File Type
The File Type settings allow you to specify which file types SiteSucker should download and which it should treat as HTML. These settings also allow you to fix incorrect file type information sent from a site.
The File Type screen provides the following settings:
Filter
Use this setting to specify which file types SiteSucker is allowed to download. (SiteSucker uses media types to identify different file types, since this is standard information included in the Internet headers.) The following options are available:
- Allow All File Types - Download all files regardless of file type
- Allow Specified File Types - Only download the specified file types
- Disallow Specified File Types - Download all file types except the specified file types
Note: SiteSucker always downloads HTML and CSS files regardless of this setting. Furthermore, SiteSucker cannot download videos. See Frequently Asked Questions for more information.
If the Allow Specified File Types or Disallow Specified File Types setting is selected, you can choose from the following options (shown with representative media types):
- Archives - application/zip, application/tar, application/stuffit, etc.
- Audio Files - audio/aiff, audio/mp3, audio/wav, audio/au, etc.
- Images - image/jpeg, image/gif, image/tiff, image/png, etc.
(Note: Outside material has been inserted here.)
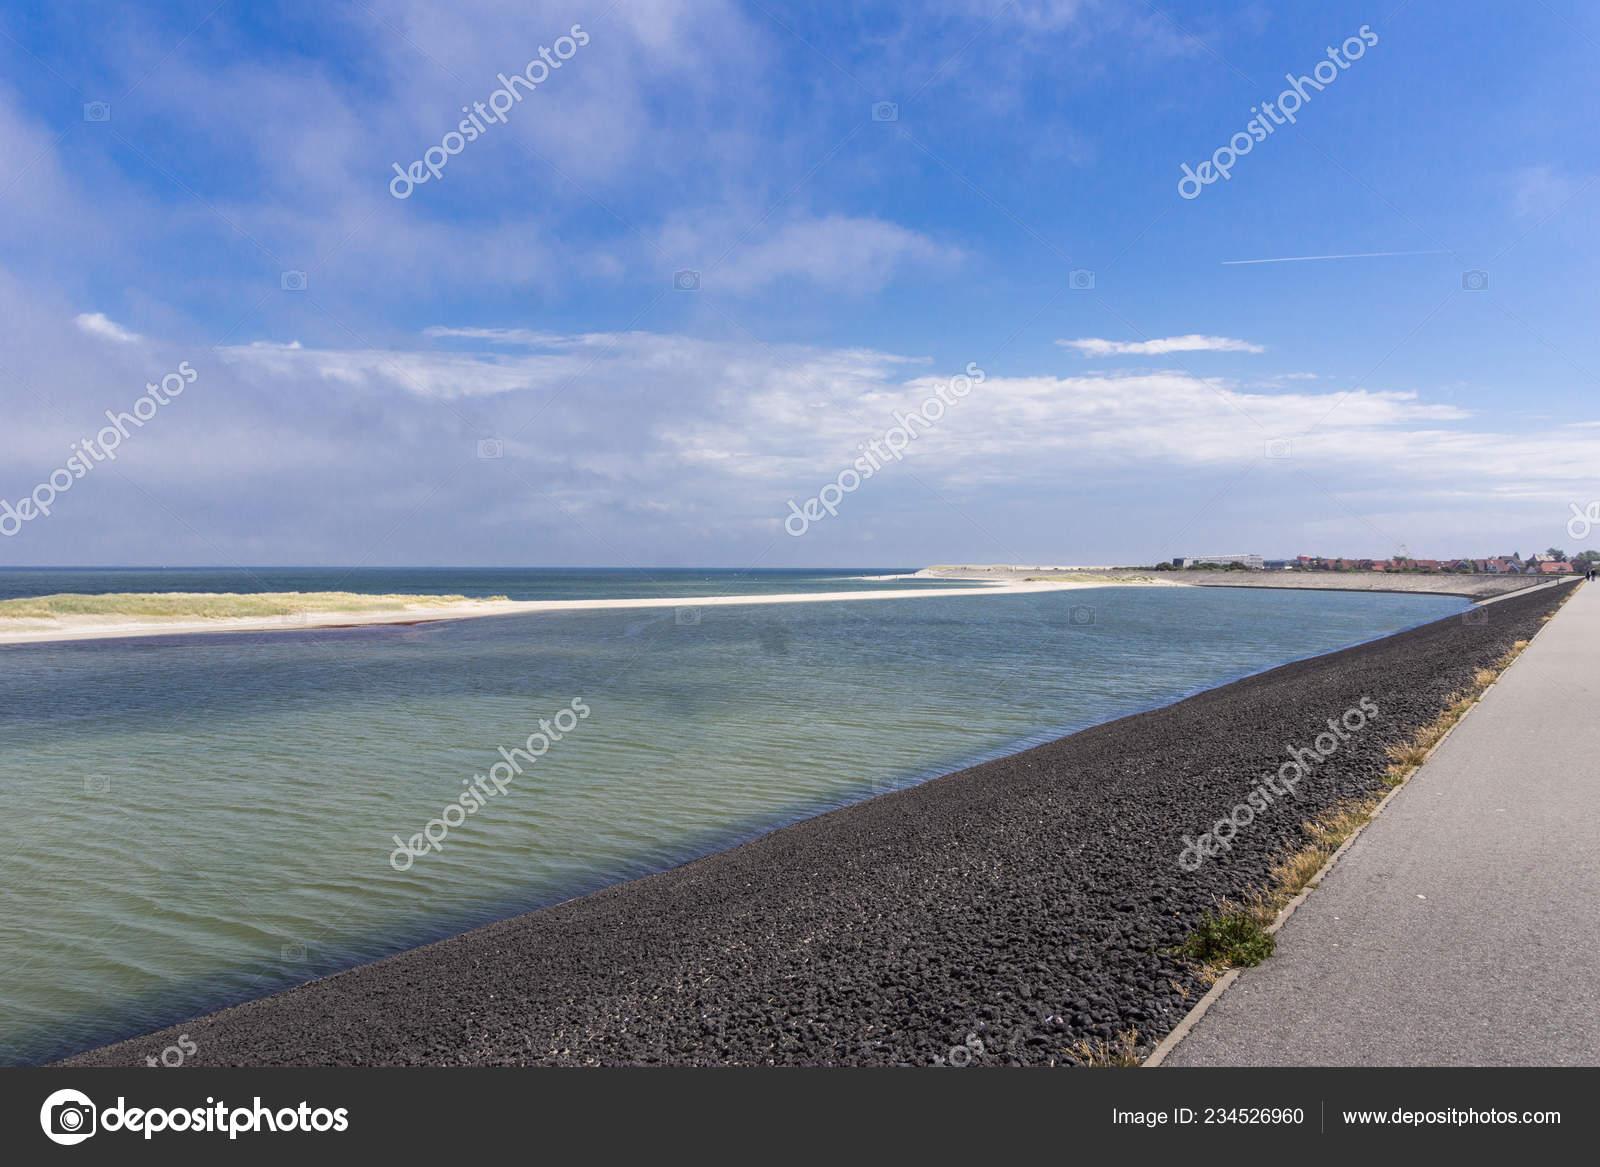 Sylt North Germany Island North Sea August 2018 Stock Photo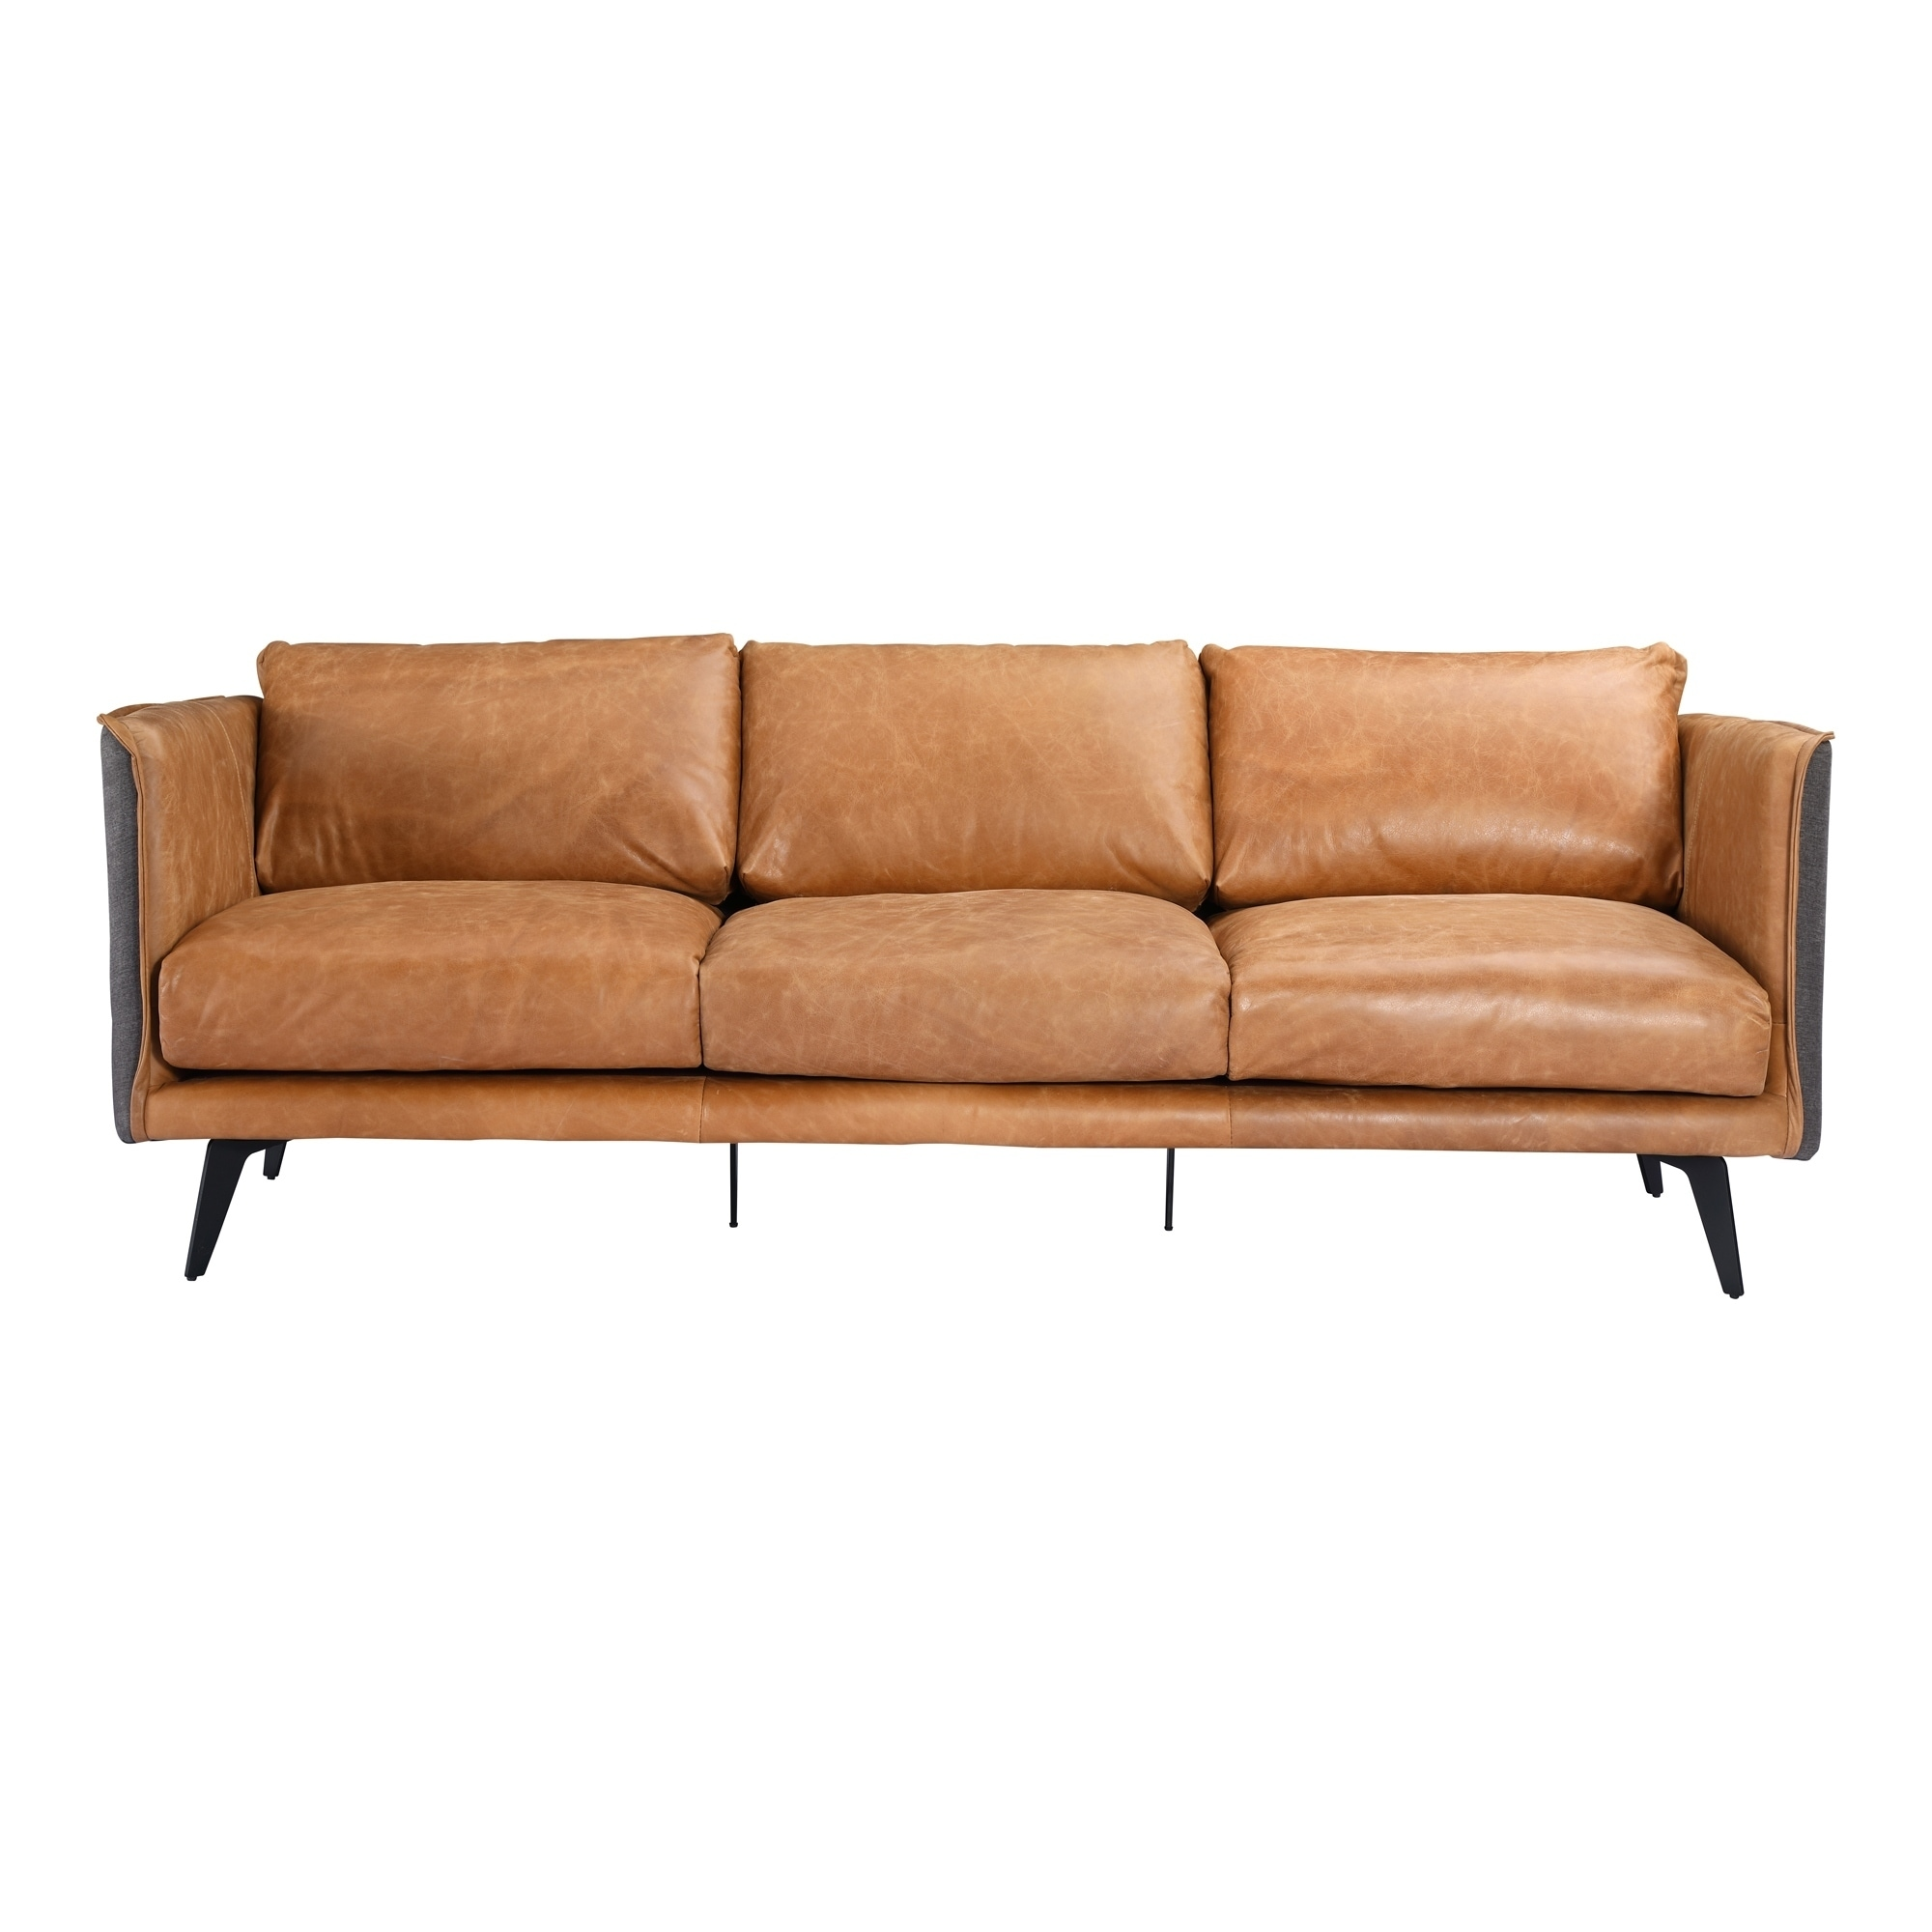 Aurelle Home Mid-century Modern Cognac Leather Sofa

- Custom Types - as specified in the Custom Types screen
Custom Types and HTML Types
If the Custom Types option is on, then settings in the Custom Types screen let you specify which media types SiteSucker should allow or disallow. To select a file type to allow or disallow, turn on the switch next to the media type in the list.
Use settings in the HTML Types screen to specify which media types SiteSucker should treat as HTML. When SiteSucker downloads one of these files, it scans it for URLs. To select a file type to treat as HTML, turn on the switch next to the media type in the list.
Warning: If the text/html option under the HTML Types tab is off, then webpages will not be scanned and nothing will be downloaded.
Note: You can use the Log Media Types option under the Log settings to determine the media types of downloaded files.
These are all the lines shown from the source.